The rhythm of the ocean became background noise. Renzo stood at the edge of Takehi's yard, barefoot, staring at a piece of driftwood half-buried in the sand. He crouched low, balanced his weight, and breathed in slowly.
His body resisted every movement.
The posture was familiar. His old instructors had drilled it into him a thousand times. But that body—taller, leaner, precise—was gone. This one was still a child's, awkward and stiff.
Still, he moved.
A palm strike into the air. A pivot. A tight exhale.
His breath came rougher than he liked.

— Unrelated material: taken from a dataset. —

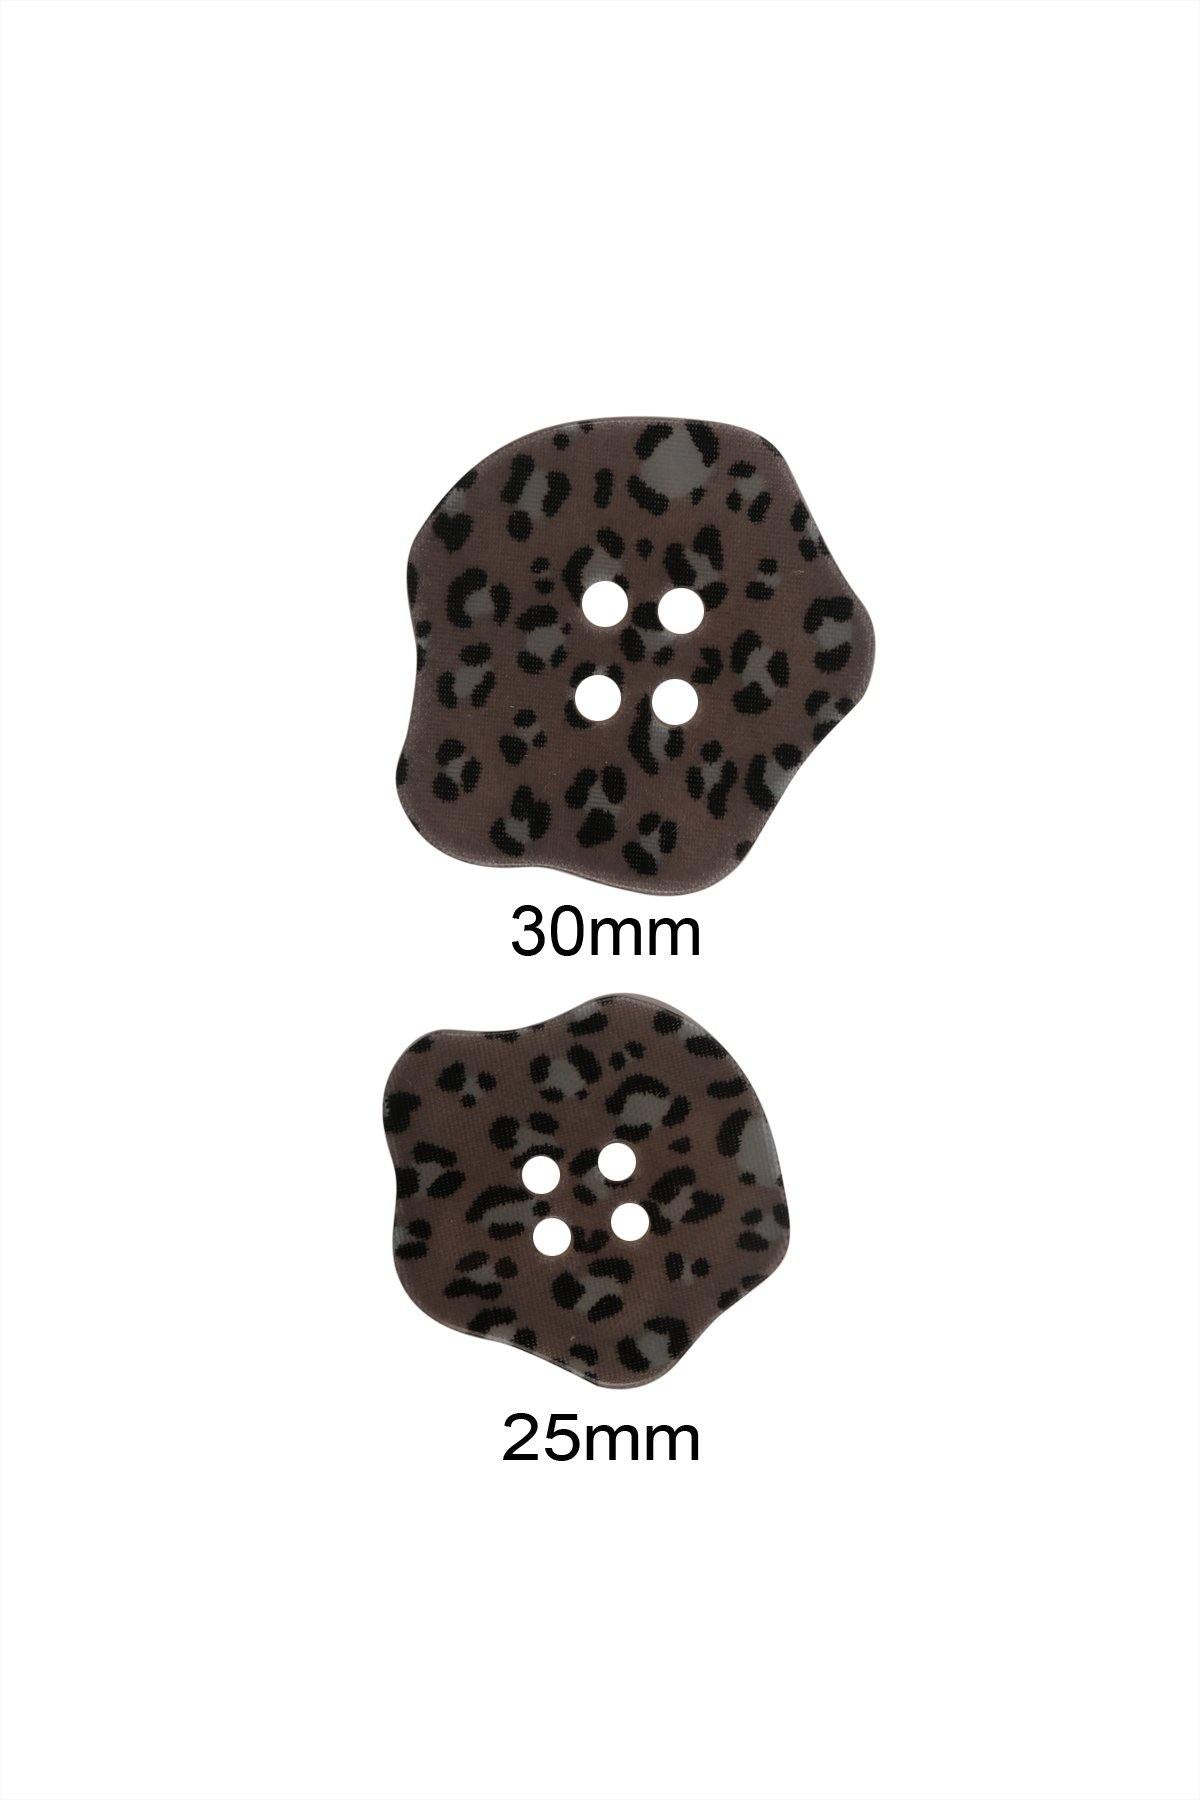 Organic Shape Leopard Print 4-Hole Acrylic Button

The sea air burned his lungs a little less each day.
"You're out early," Takehi called from the porch, hauling nets. "Again."
Renzo turned but didn't straighten from his stance. "Morning training."
Takehi chuckled. "Morning, noon, and night, seems like. What are you trying to do, punch the air into submission?"
"No," Renzo replied. "Just making sure I don't forget how to breathe."
The man studied him a moment, then nodded and left him to it.
Whale Island was simple—but not dull. Renzo walked the docks in the mornings, helped clean fish when Takehi let him, and listened more than he spoke. The locals didn't press too hard. They assumed he was some orphan washed in by fate.
He kept it that way.
In the afternoons, when no one was looking, he disappeared into the forest.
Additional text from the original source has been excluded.